As mentioned before in relation to the first and second fluid
transporters the feed is preferably provided with dual passages;
thus incorporating two parallel tubes. These tubes may be joined
together with one or more other (signal) lines, feeder cables
and/or hydraulic feeds.
[0024] A various number of conveyor segments may be positioned in
between the pump segment and the cutter head segment of the train
of conveyor segments for high wall mining. Care has to be taken
that the vapor capacity of the pump is sufficient to remove the
liquid drained from the distribution chamber(s) outside the mining
shaft in the situation that the front of the train of segments for
high wall mining makes a downward angle with the horizontal. The
pump(s) need to be able to remove the liquid up to the required
level in such a situation.
[0025] An embodiment of the invention further provides a high wall
mining apparatus, comprising a train of conveyor segments for high
wall mining, wherein the apparatus also comprises a launching
platform for driving the train including a hose reel for holding
the flexible feed. In addition it is advantageous to provide the
hose reel with a control for controlling the cutter head and the
pump, for receiving signals from the fluid level sensor,
etcetera.
[0026] In an embodiment of the invention, the high wall mining
apparatus comprises a typical compact reel driving element and
tensioning means for controlled driving the hose reel, for
delivering and taking up the feed. The reel driving element and
tensioning means are required to roll and unroll the correct length
of flexible feed which also prevents damage for example as a result
of high loads on the feed. For correct positioning the feed onto
the reel, the reel comprises a spooling element. During assembling
of the segments, the segments are pushed forward into the mine
shaft and high tensile stresses in the feed have to be prevented.
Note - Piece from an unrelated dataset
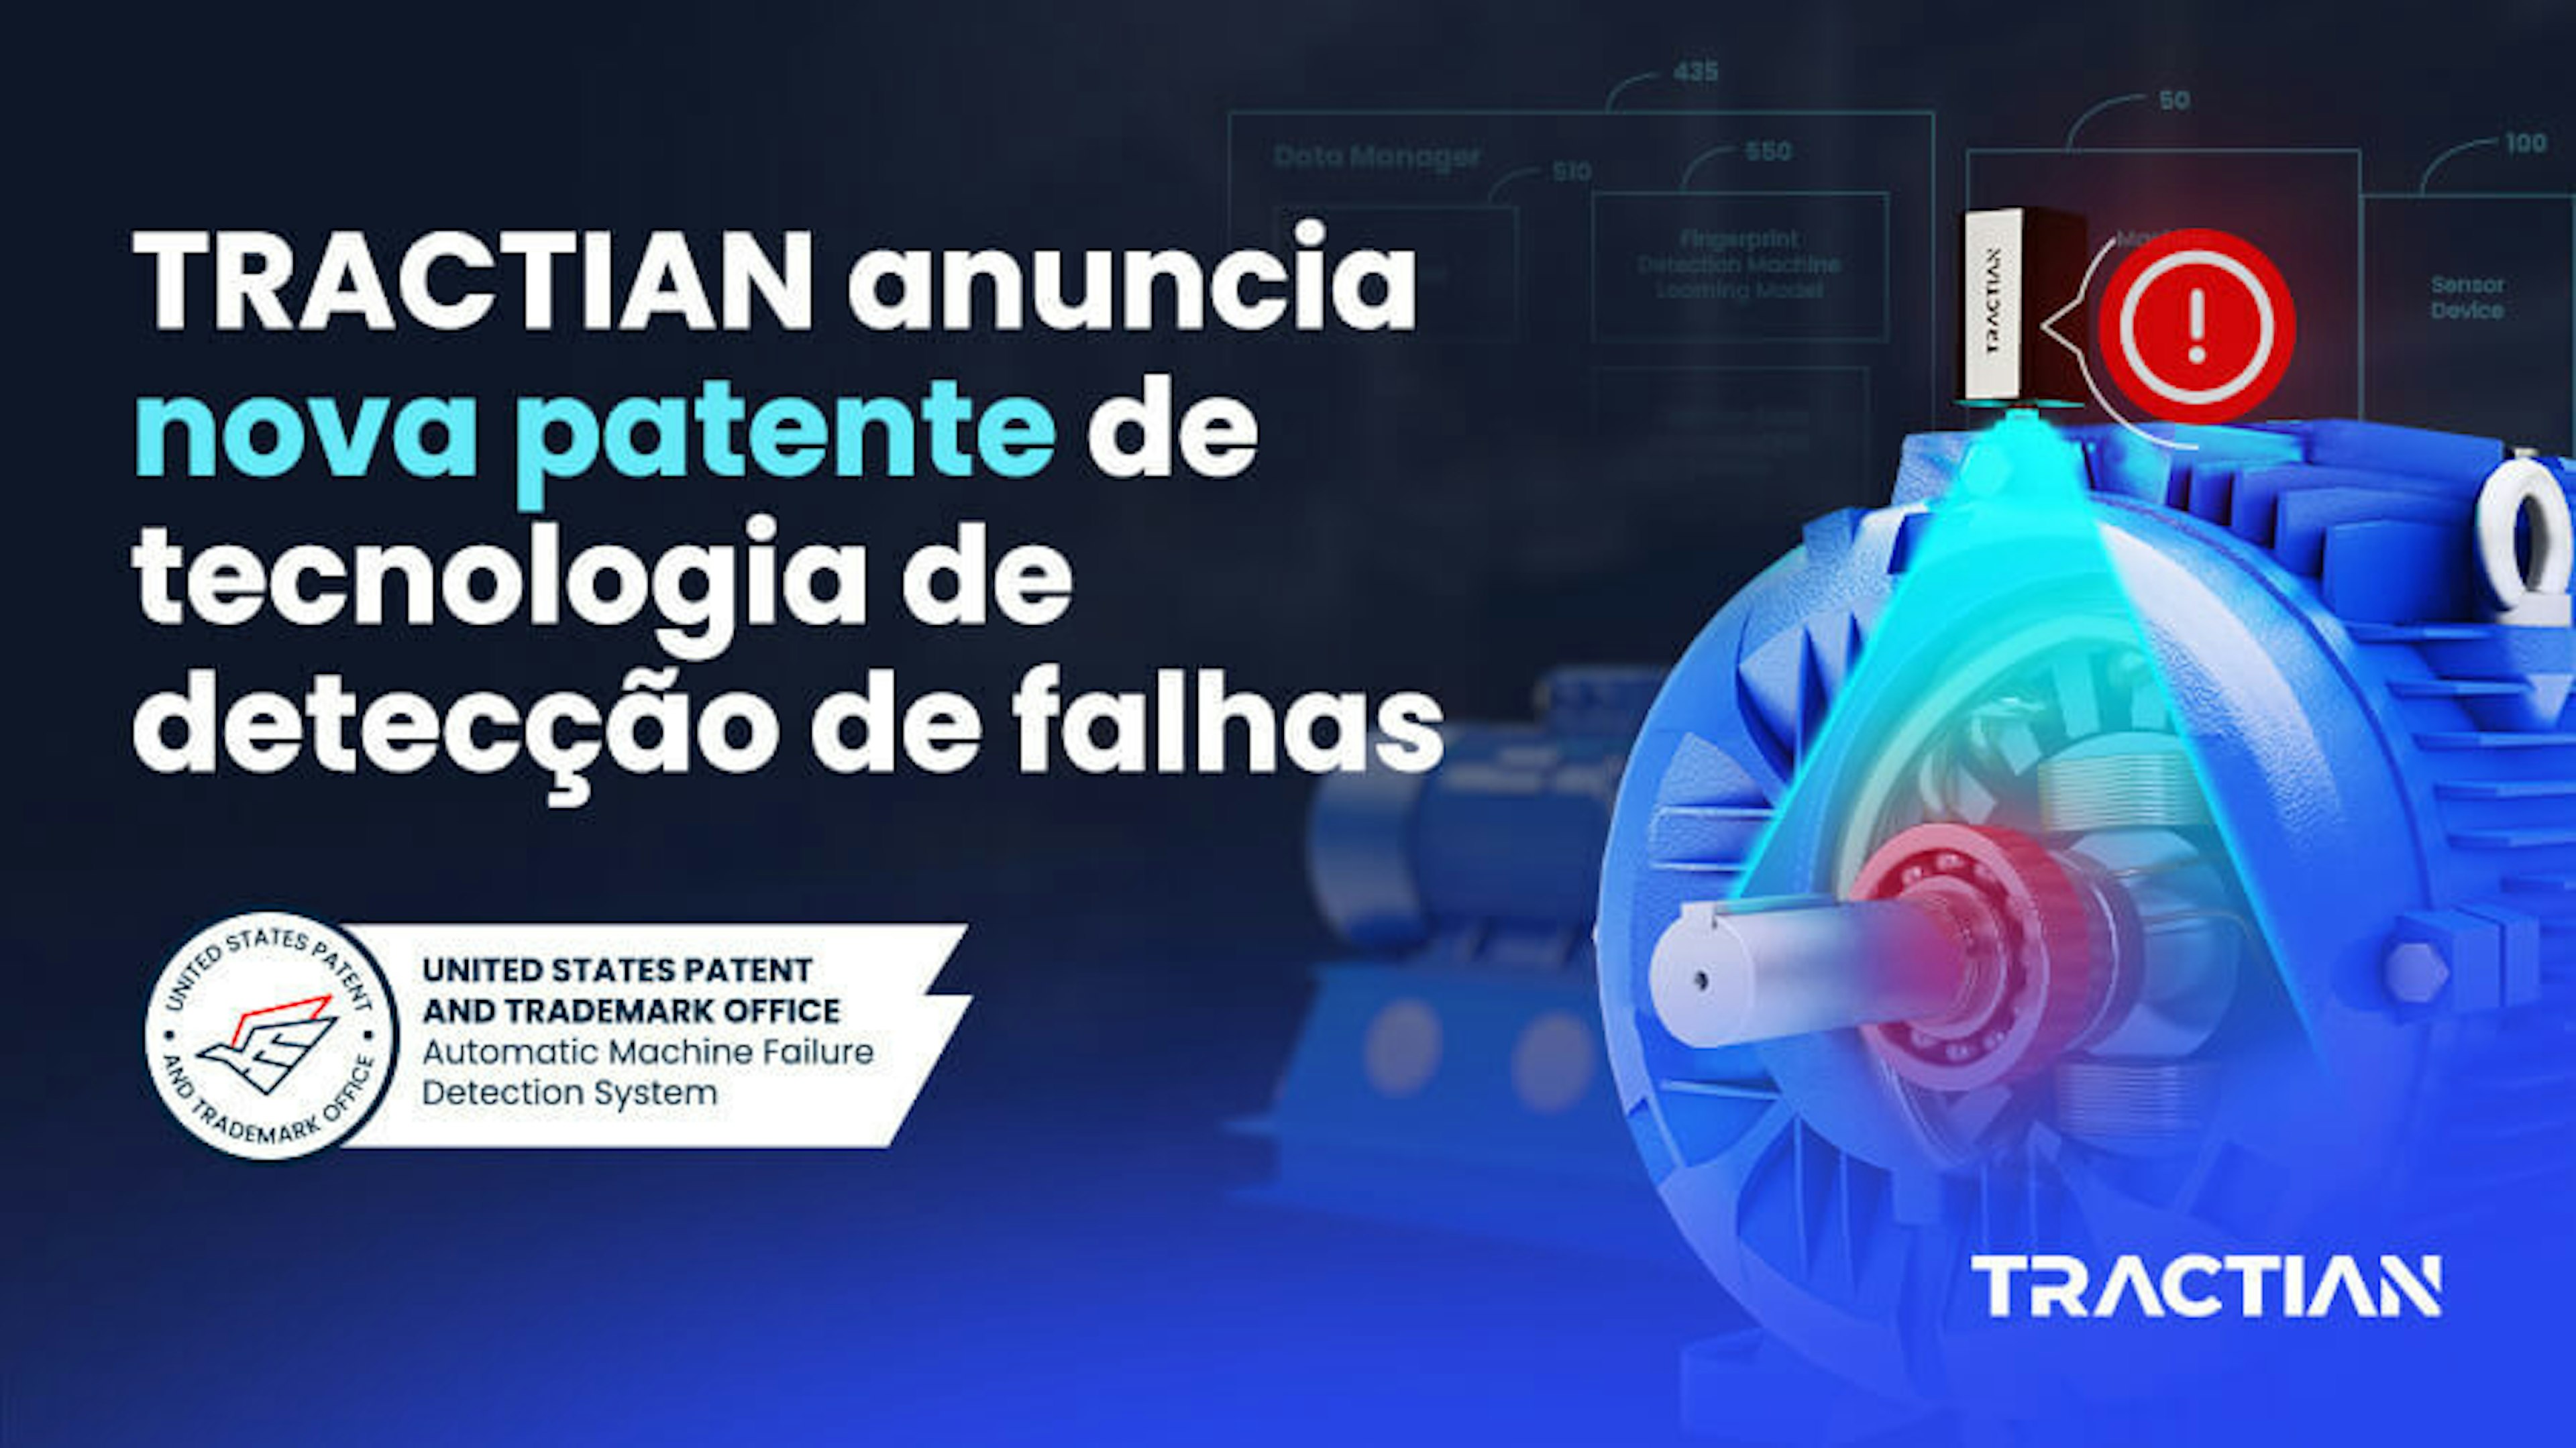 TRACTIAN anuncia nova patente de tecnologia de detecção de falhas

Using a driving element for unrolling the feed from the hose reel
decreases the tensile stresses and thereby decreases the risk of
damage to the feed.
[0027] An embodiment of the invention moreover provides a method
for high wall mining, using an high wall mining apparatus,
comprising: the in succession coupling of a number of segments to
form a train of segments connecting to a cutter head for high wall
mining, the driving of the cutter head, the transportation of mined
material from the cutter head by the train of segments towards the
entrance of the mine shaft, wherein fluid is transported through
the flexible feed, the second and first fluid transporters and the
distribution chamber. The advantages of the method for high wall
mining correspond to the advantages as described above in relation
to the assembly of the cutter head segment and the pump
segment.
[0028] During mining, the fluid may be transported away from the
cutter head towards the entrance of the mining shaft. In case of
the release of unwanted gases, such as explosive gases, towards the
direct mining area near or at the cutter head, neutralization gases
may be transported through the first fluid transporter. In case a
fluid transporter is clogged, a reversed fluid flow may be used for
unclogging. In an embodiment of the method fluid is transported out
of the mine shaft, which transport direction may be reversed.
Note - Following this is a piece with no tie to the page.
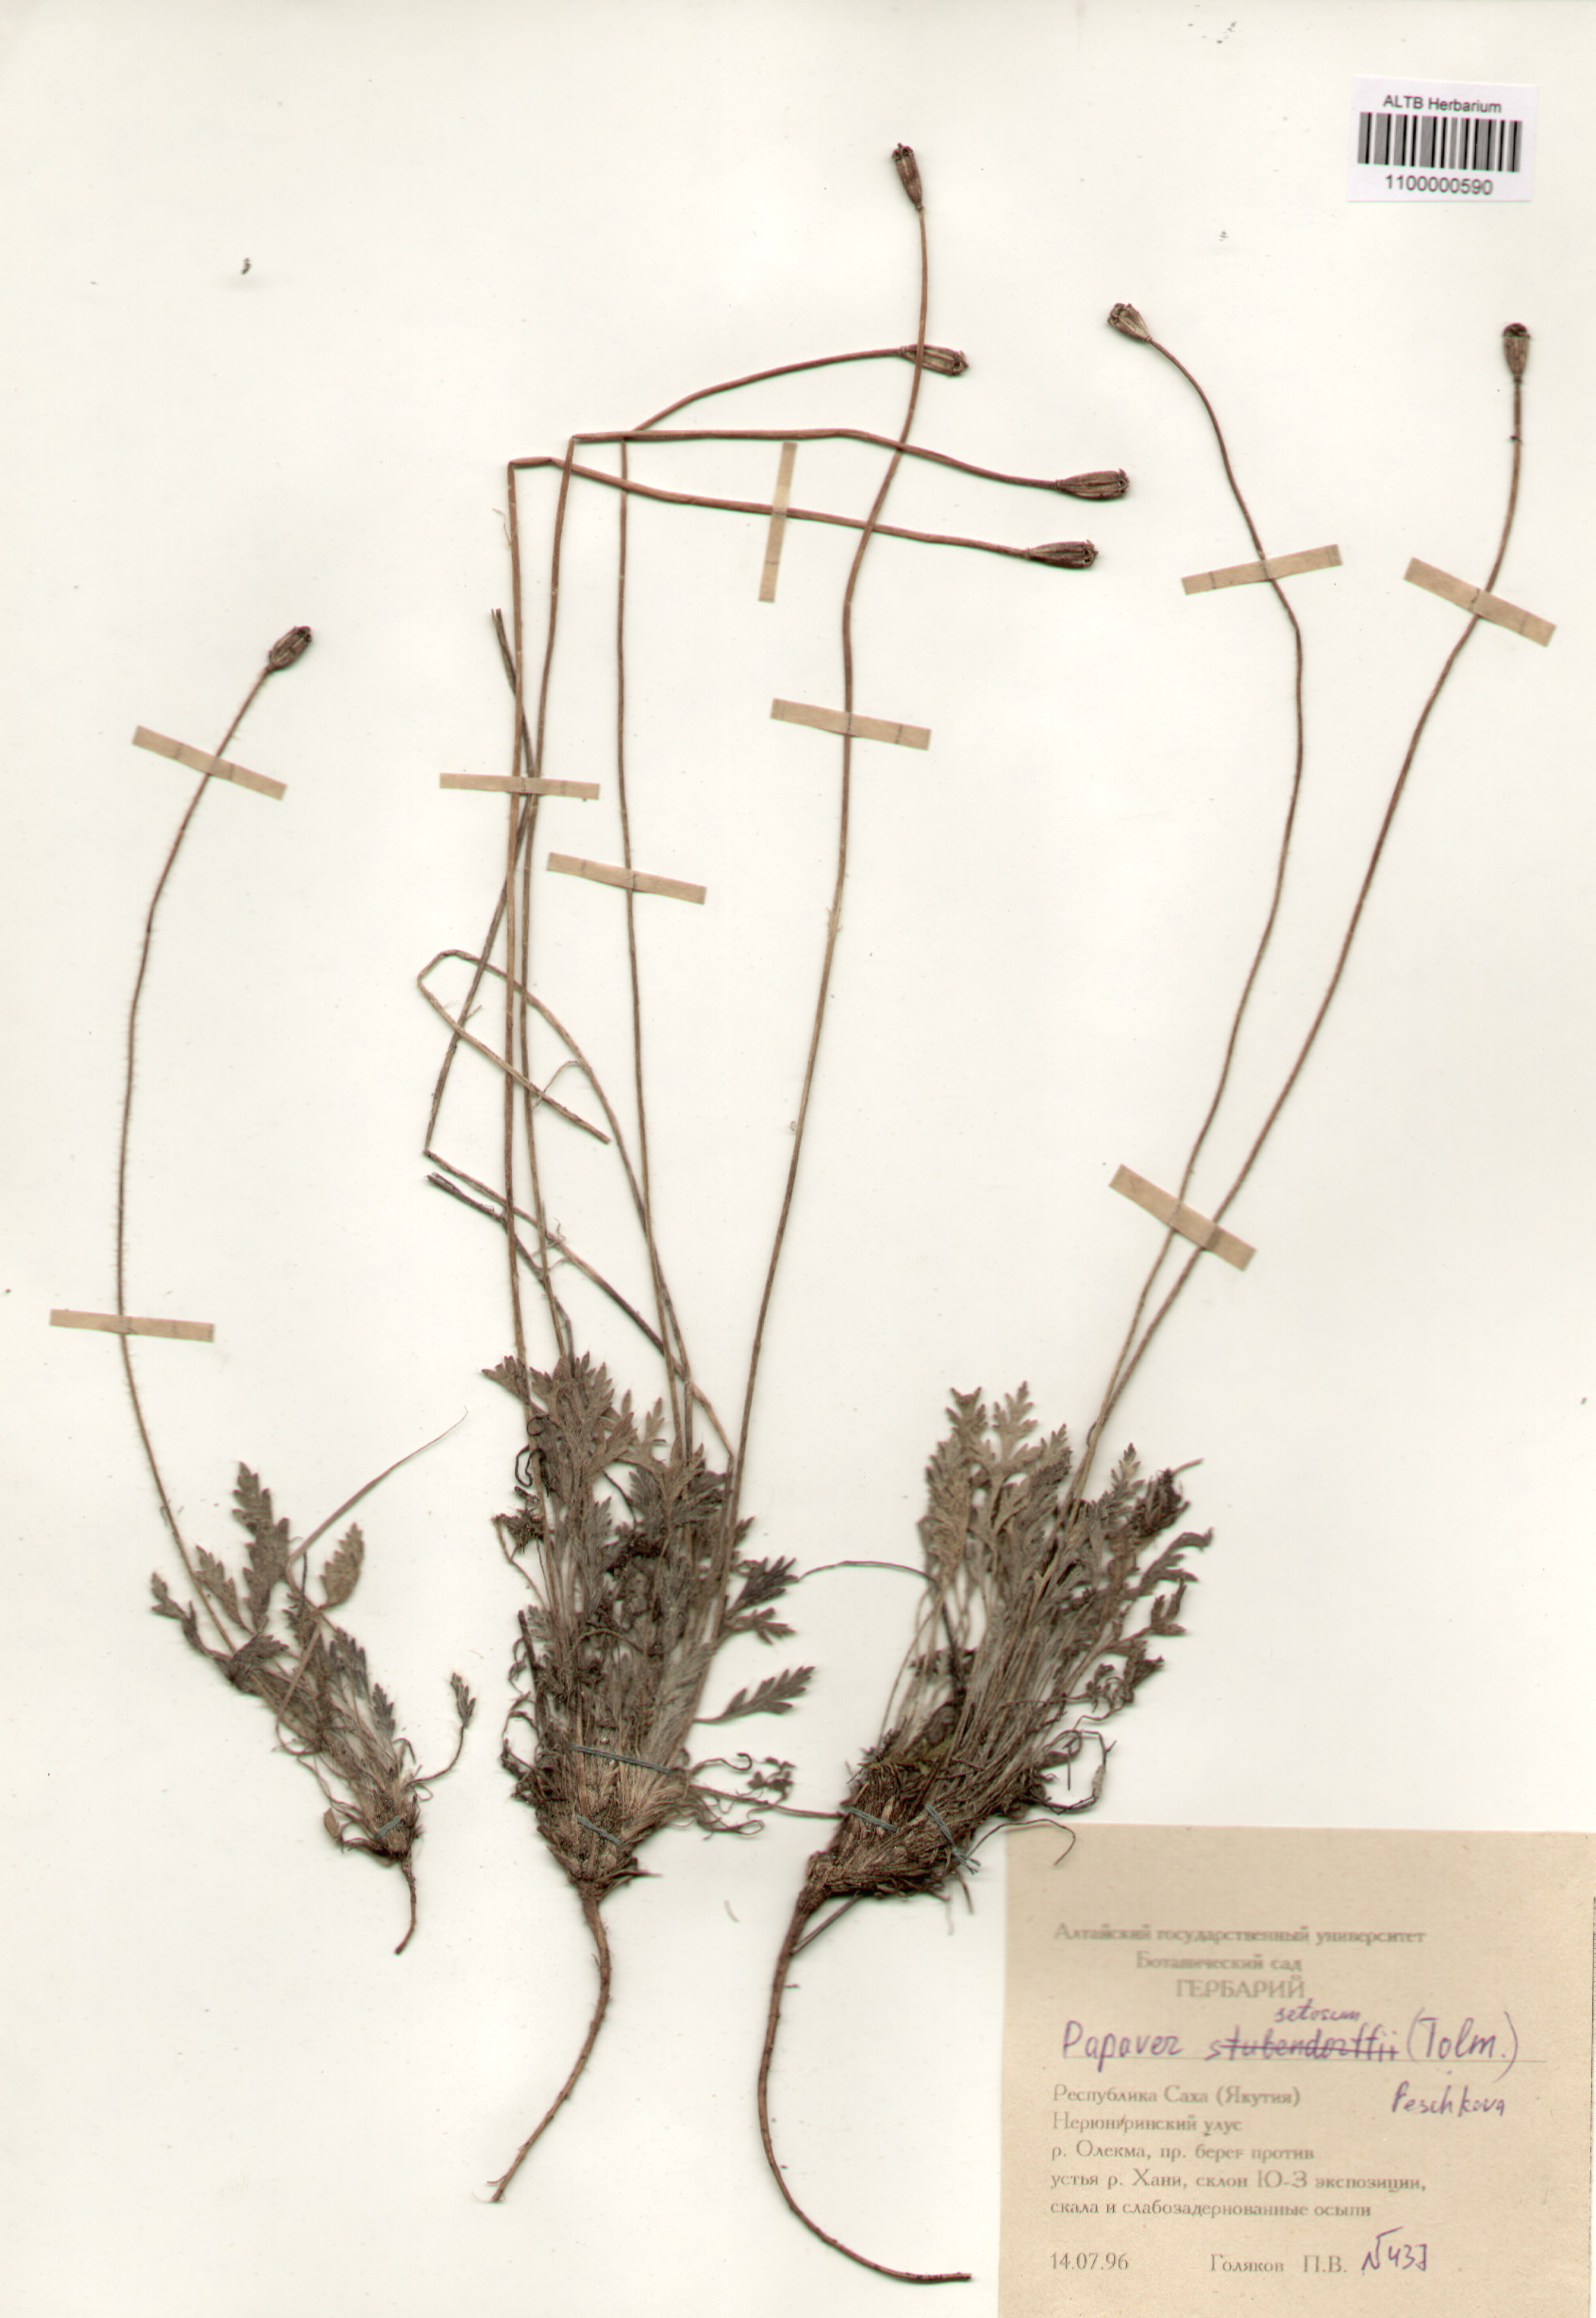 Papaveraceae,Papaver setosum (Tolm.) Peschkova

Unclogging may be realised by at least temporarily reversing the
transport direction of the fluid towards the cutter head. In
addition, the fluid flow towards the cutter head segment may be
used for cooling the cutter head, in particular the bits of the
cutter head. Moreover, the fluid flow towards the cutter head
segment may be used to precipitate and/or remove explosive dust,
which may arise during mining. An alternative is that the apparatus
according to an embodiment of the invention is used in combination
with an additional liquid feed (for cooling and/or dust removal);
the apparatus according the invention provides in such a case
freedom in the use of the fluid feed; even larger liquid flows may
be used for cooling and/or dust removal as the liquid excess can be
removed with the present invention.
[0029] In a specific application of the method it comprises
detecting the fluid level at the cutter head wherein the steering
of the pump is dependent of the detected fluid level. This enables
efficient mining, as fluid is transported away from the cutter head
if the fluid level exceeds a predetermined level.
[0030] The present invention will be further elucidated with
reference to the non-limitative embodiments shown in the following
figures. Herein:
[0031] FIG. 1 shows a perspective view of a cutter head segment
according to an embodiment of the invention,
[0032] FIG. 2 shows a detailed side view of the cutter head segment
of FIG. 1,
[0033] FIG. 3 shows a perspective detail view of the cutter head
segment of FIG. 1,
[0034] FIG. 4 shows a partially cut away perspective view of a pump
segment according to an embodiment of the invention,
[0035] FIG. 5 shows a top view of an assembly of the cutter head
segment of FIG. 1 and the pump segment of FIG. 4,
[0036] FIG. 6 shows a side view of the assembly of FIG. 5,
[0037] FIG. 7 shows a cross sectional view of a feed according to
an embodiment of the invention, and
[0038] FIG. 8 shows a hose reel of an apparatus for high wall
mining according to an embodiment of the invention.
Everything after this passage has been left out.